The data must be given again exactly as written, with all images omitted.

## Supplied information:
....................

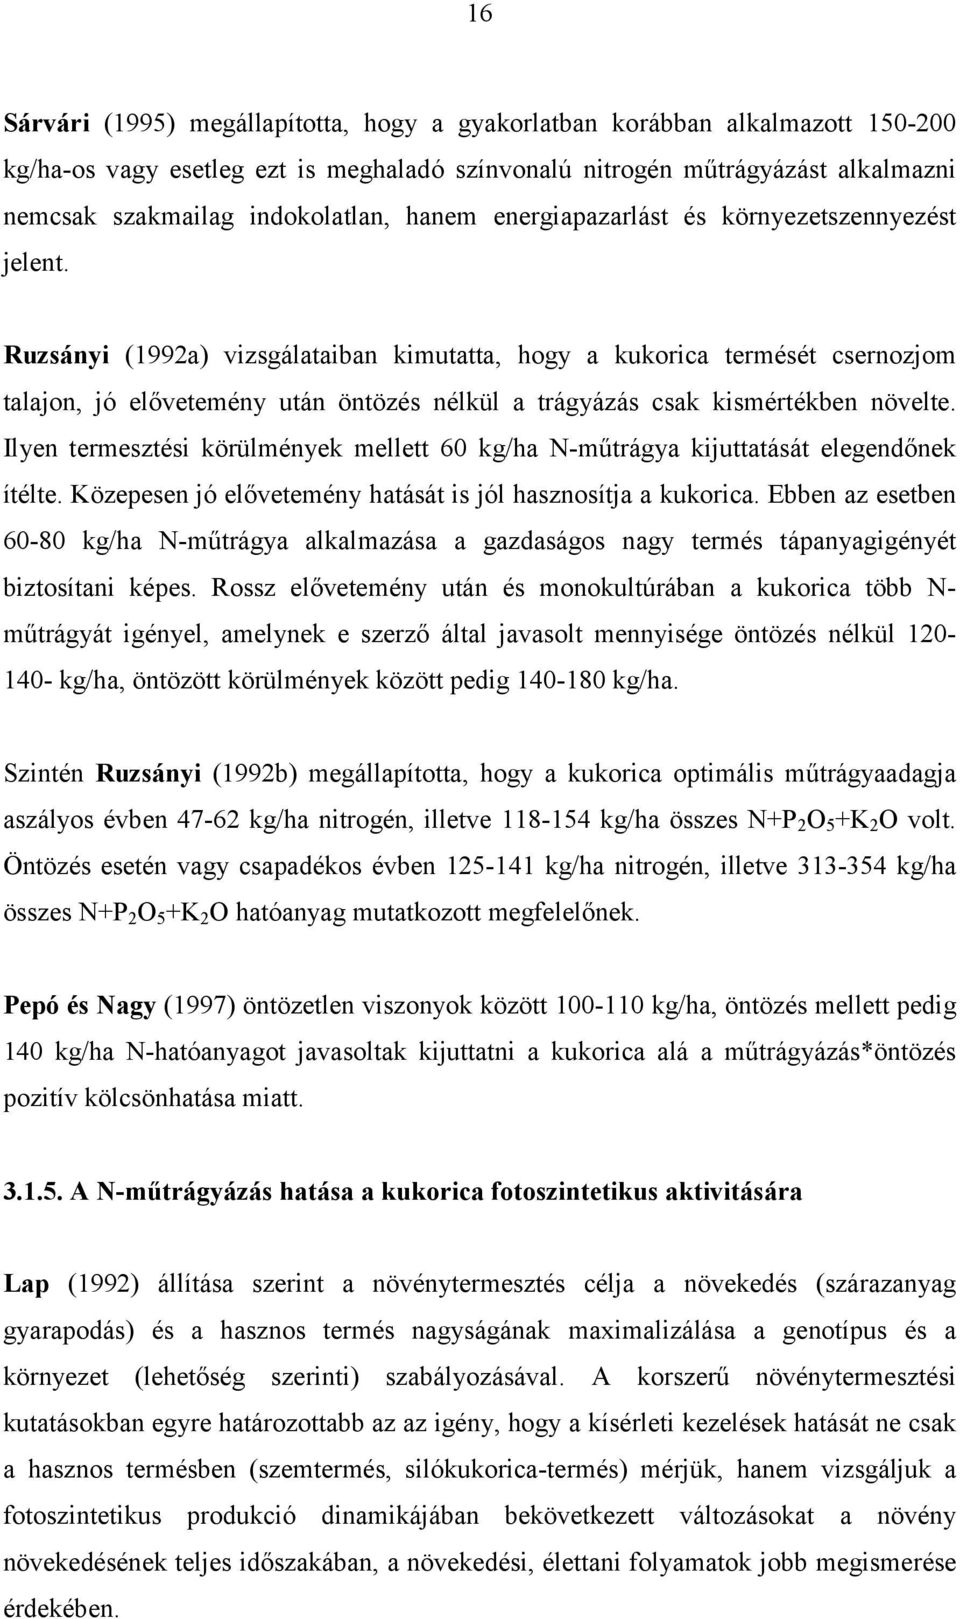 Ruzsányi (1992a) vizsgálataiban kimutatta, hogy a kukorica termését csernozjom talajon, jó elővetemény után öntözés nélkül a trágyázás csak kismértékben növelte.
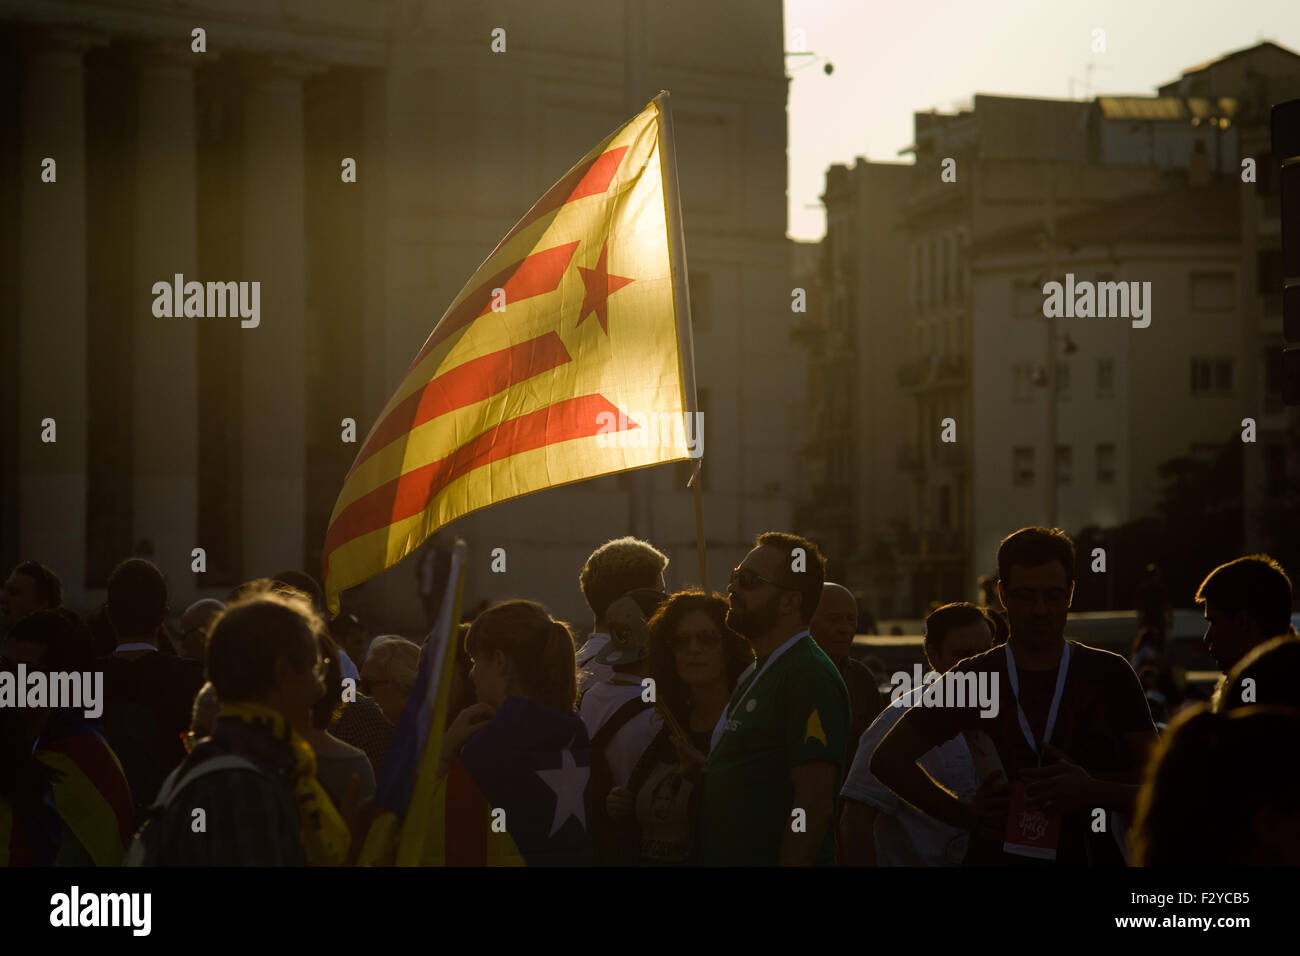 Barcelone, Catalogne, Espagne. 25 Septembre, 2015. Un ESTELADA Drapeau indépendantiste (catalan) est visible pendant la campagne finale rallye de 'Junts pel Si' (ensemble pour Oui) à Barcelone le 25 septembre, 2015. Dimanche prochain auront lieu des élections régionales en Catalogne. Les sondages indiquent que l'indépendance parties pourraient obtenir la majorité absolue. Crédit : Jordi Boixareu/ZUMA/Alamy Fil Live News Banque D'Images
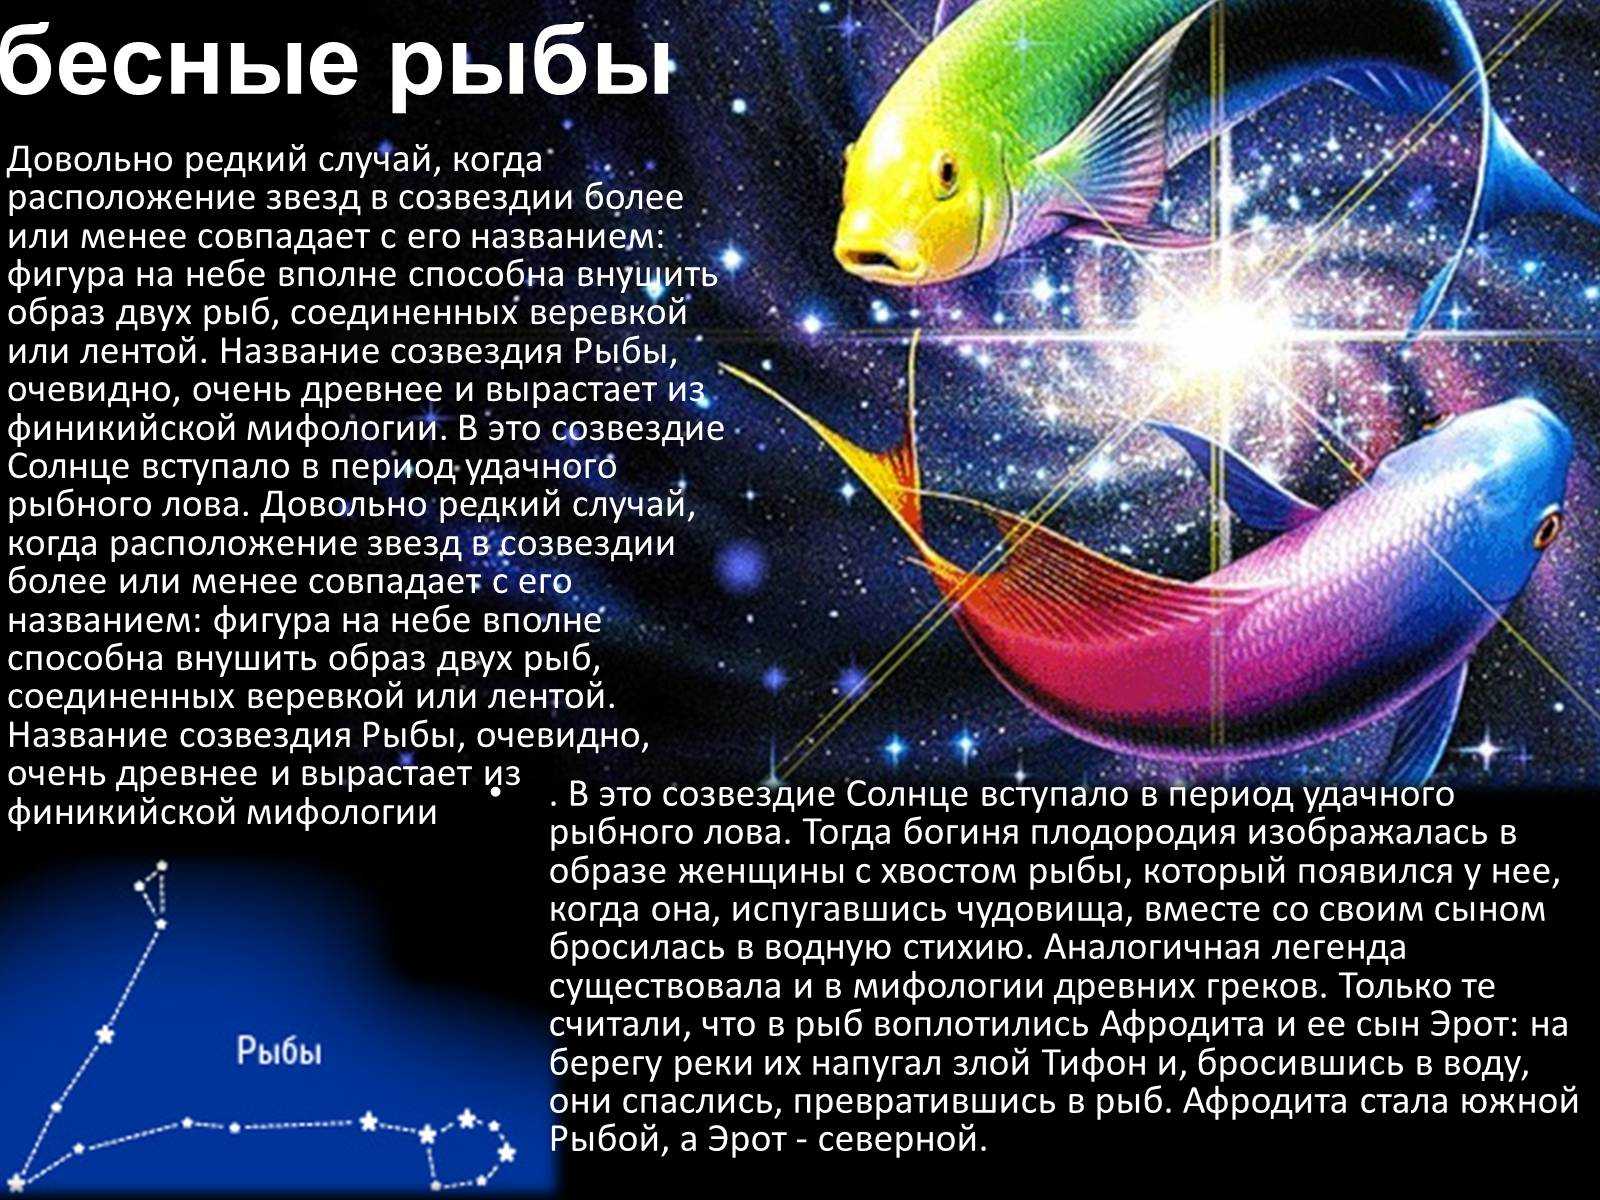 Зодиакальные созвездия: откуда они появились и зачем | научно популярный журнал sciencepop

....................

## Worked solution:
 Ruzsányi (1992a) vizsgálataiban kimutatta, hogy a kukorica termését csernozjom talajon, jó elővetemény után öntözés nélkül a trágyázás csak kismértékben növelte.
 Barcelone, Catalogne, Espagne. 25 Septembre, 2015. Un ESTELADA Drapeau indépendantiste (catalan) est visible pendant la campagne finale rallye de 'Junts pel Si' (ensemble pour Oui) à Barcelone le 25 septembre, 2015. Dimanche prochain auront lieu des élections régionales en Catalogne. Les sondages indiquent que l'indépendance parties pourraient obtenir la majorité absolue. Crédit : Jordi Boixareu/ZUMA/Alamy Fil Live News Banque D'Images
 Зодиакальные созвездия: откуда они появились и зачем | научно популярный журнал sciencepop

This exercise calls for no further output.